# lens gallery could be easier to browse



## ScottyP (Oct 5, 2013)

Hi guys,

I like the lens gallery, but it is frustrating to look through it. Even if you sort the topics by title, the lenses are out of order because the titles are not standardized. It would be easier to find what you are looking for if the titles could be all rewritten in the same format so lenses would be in a predictable manufacturer and mm length order when sorted alphabetically. I don't know if that would really do it though, because of the way zoom lens lengths contain 2 values. 

Way better still would be to just have more columns with sort-by headers. Currently you have subject, original poster, last activity. it would be very useful to add: Manufacturer. Zoom or prime. Focal length. That would really make it nice and easy to use if you could click on one of these at the top of the column and have the list sort itself on that criterion. 

Also, is the site capable of displaying more posts at once ( or all of them at once)? That would keep you from having to flip through pages, and would instead make it a much more easily-scanned single list. 

I really appreciate the site, and thanks for the work you guys do. 
Thanks.


----------



## polarhannes (Oct 5, 2013)

ScottyP said:


> Also, is the site capable of displaying more posts at once ( or all of them at once)? That would keep you from having to flip through pages, and would instead make it a much more easily-scanned single list.



Yes, you can set that up in your personal user profile. "Profile" / "Look and layout" / "Messages to display per page"


----------



## ScottyP (Oct 5, 2013)

Thank you Polarhannes, for the info on displaying more messages. That is more convenient. 

I do still think that adding some additional sort-able column headings would really transform the lens gallery in a Steve Jobs "insanely great" way. This really extensive gallery is something pretty unique to Canon Rumors, as far as I know. Kind of like the side by side lens comparisons tool is a valuable unique feature of The Digital Picture site. It would be showcased better and thus valued better if it were slick and easy to use. 

It would require that the mods run it, and change it from the "posts" added on there by users into fixed posts with one rewritten title line for each lens, generated by the mods.


----------



## neuroanatomist (Oct 5, 2013)

Even with consistent lens naming, there are over 100 topics in the Gallery.

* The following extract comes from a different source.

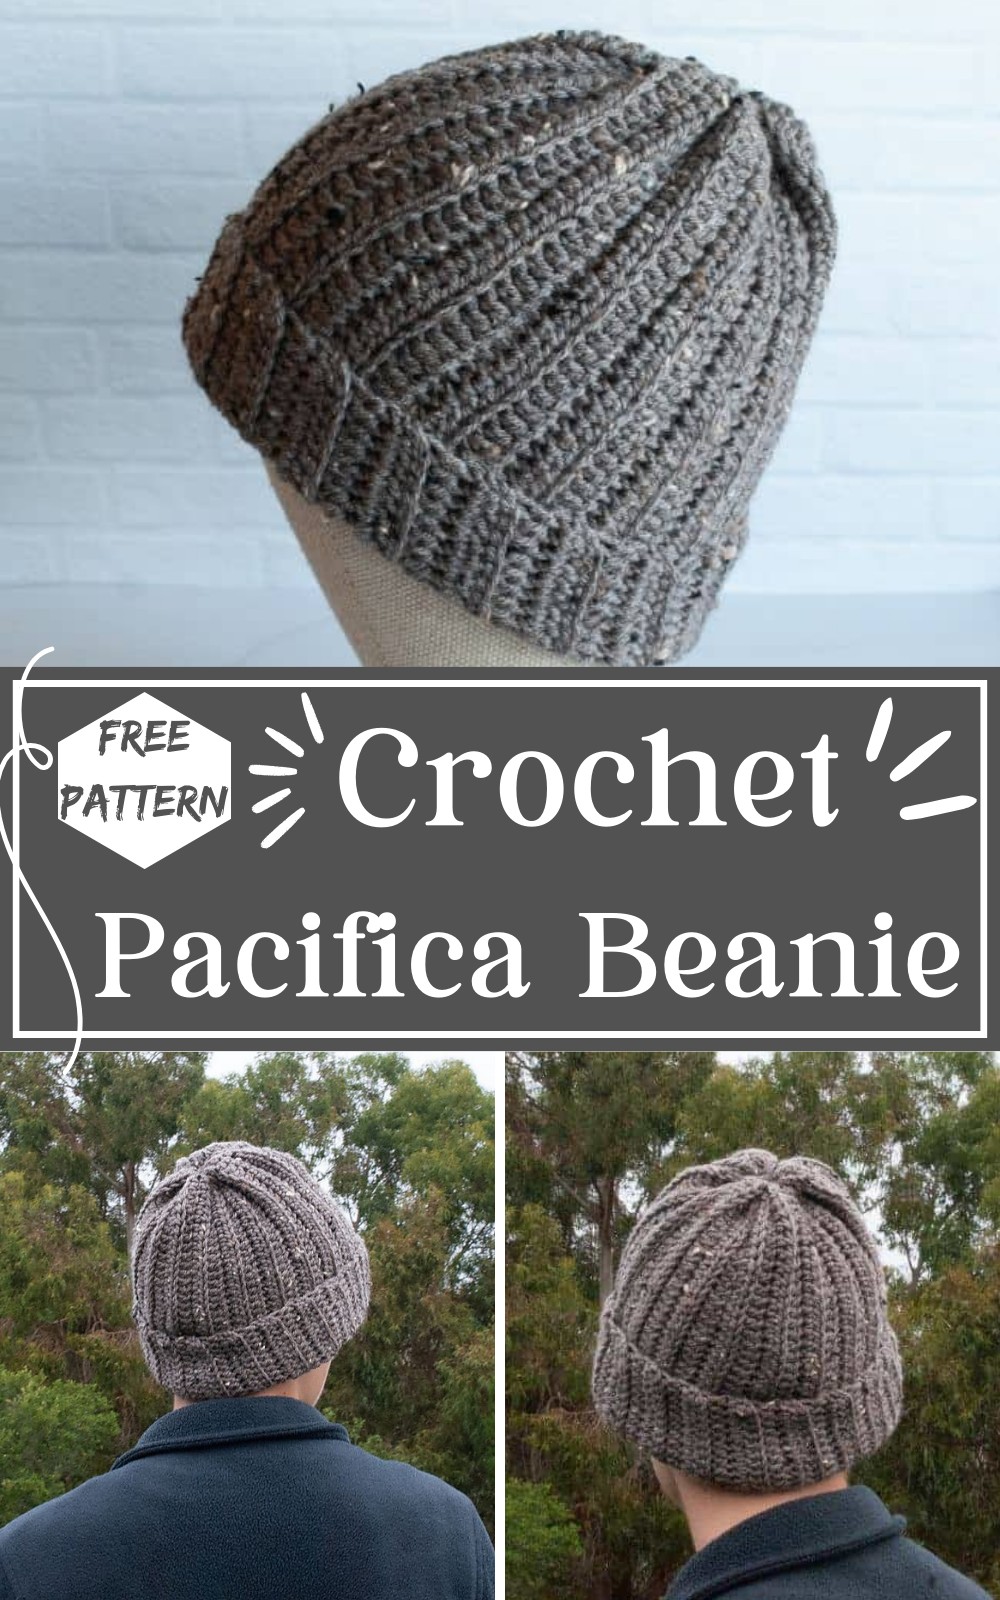 Crochet Pacifica Beanie

It might make sense to subgroup them - Canon zooms, Canon primes, possibly split out EF-S and/or EF-M, and 3rd party (with separate groups for Sigma, Tamron, etc., if there are enough lenses).


----------



## ScottyP (Oct 10, 2013)

Wow. I see the lens gallery is now divided into sub boards. This absolutely makes it a more enjoyable and useful tool! Thank you for listening!


----------



## Mt Spokane Photography (Oct 10, 2013)

Wow, someone was working to do that.

CR is heading toward being more of a multi brand friendly site, hopefully we will see more organization sorted by brand at a high level.


----------